My wife still finds me sexually attractive, in part because I feel like I need to continue earning her sexual interest in me. I take care of myself, dress nicely around her, and I mind my manners, etc.. I always try to be charming and interested in her. Not bored with her company. I think this helps a lot.
My wife uses a cream like that, and we use water based, food grade lube.

I really missed her V last night, though. We'd teased eachother about protein for her earlier in the evening. Well, I came to bed right after her, but she was already out. Her standing order is for me to wake her up, not go to bed frustrated. She'd rather give me a BJ because it only takes 5-15m and it helps us both sleep.

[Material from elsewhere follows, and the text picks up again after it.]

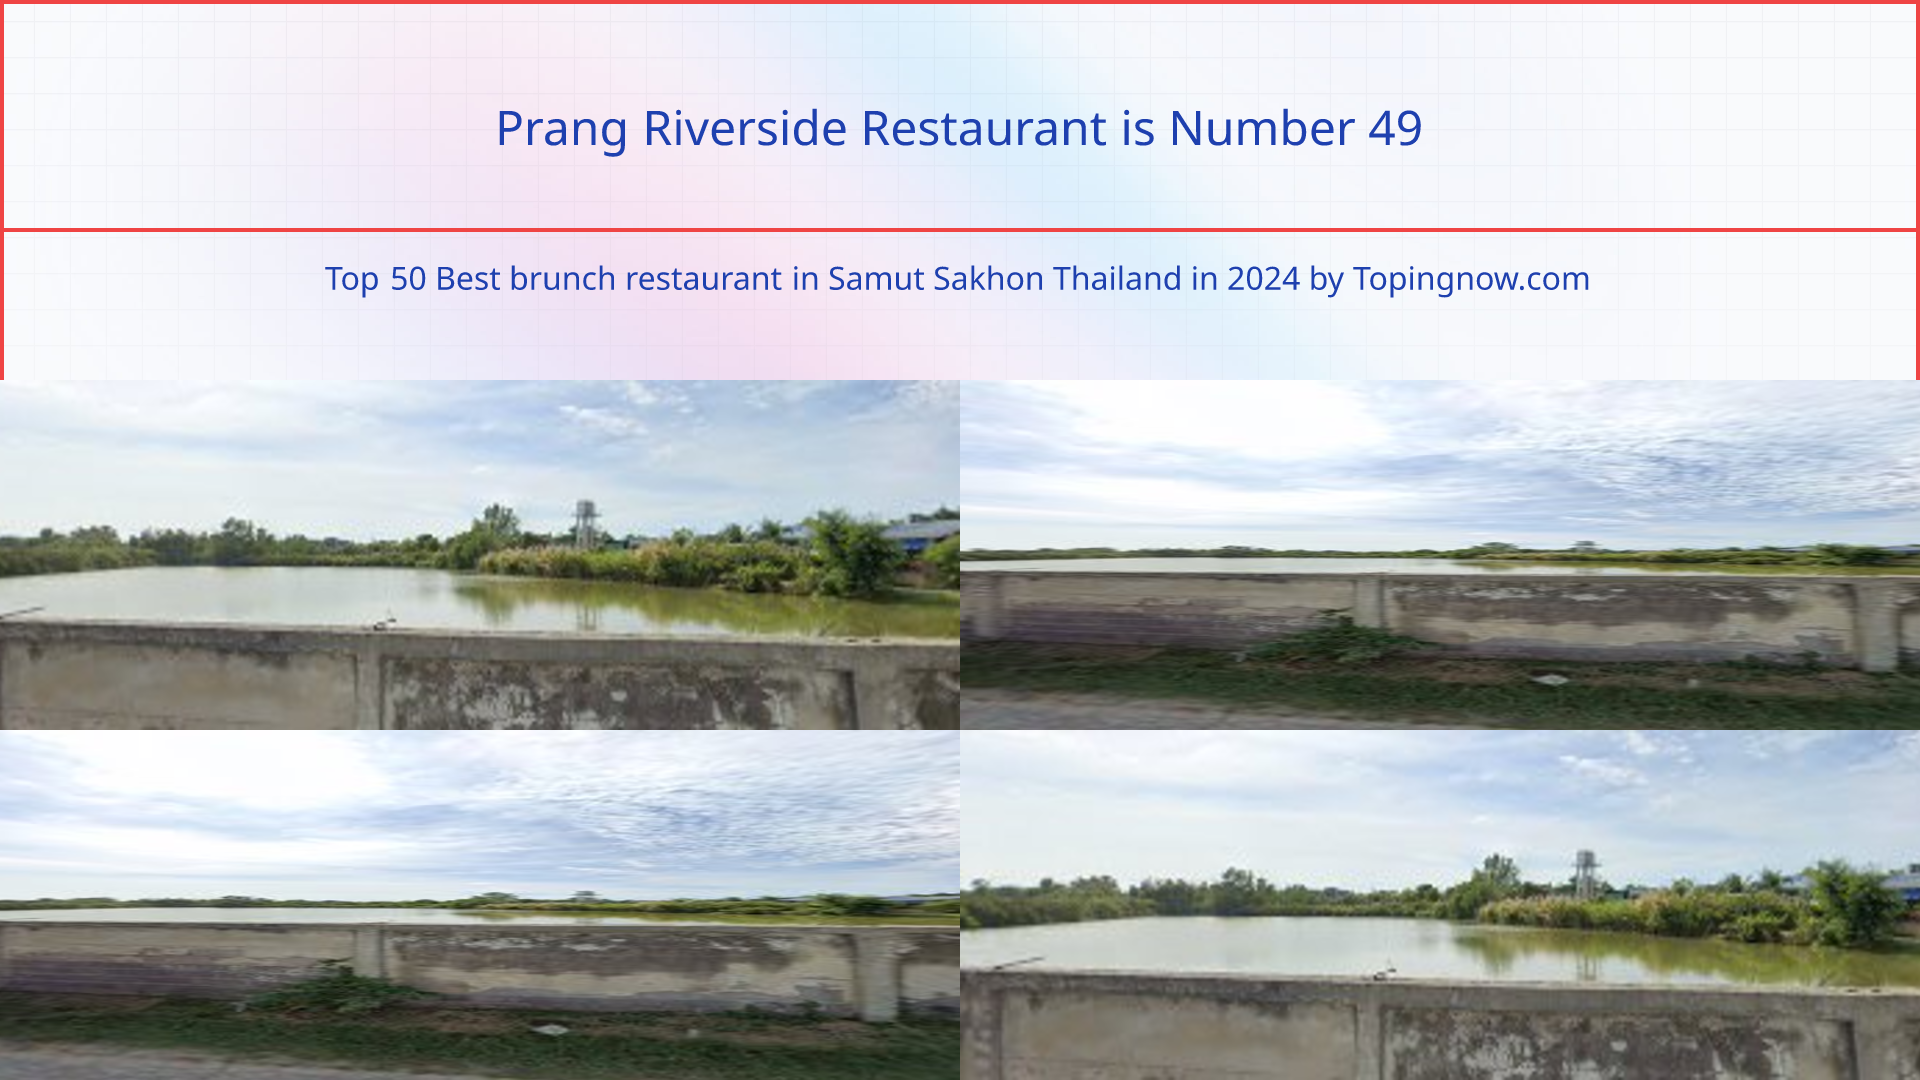 Prang Riverside Restaurant: Top 50 Best brunch restaurant in Samut Sakhon Thailand in 2024

So I do and she's only on me perhaps 3 minutes and I really exploded! It was hard, long lasting, lots of squirts! It faded just a tad, and then I felt like I was going to cum again! That hasn't happened in a long time, though there are times I think I might, but don't. But this time it really felt like I was going to! So I started fucking her mouth, not too deep, which she likes. But being she was tired and mouth probably full of cum (I couldn't tell if she'd swallowed yet) I kept feeling her dang teeth! I needed the grip of her pussy and the keep moving to cum again, but instead I had her loose mouth and pain from scraping her teeth every stroke! It was like I had a great orgasm followed but a "ruined" one! I had to stop.

She apologized and said our angles got messed up and she couldn't keep her teeth off me. Obviously, I'm not going to criticize her, but man, I really needed her pussy last night!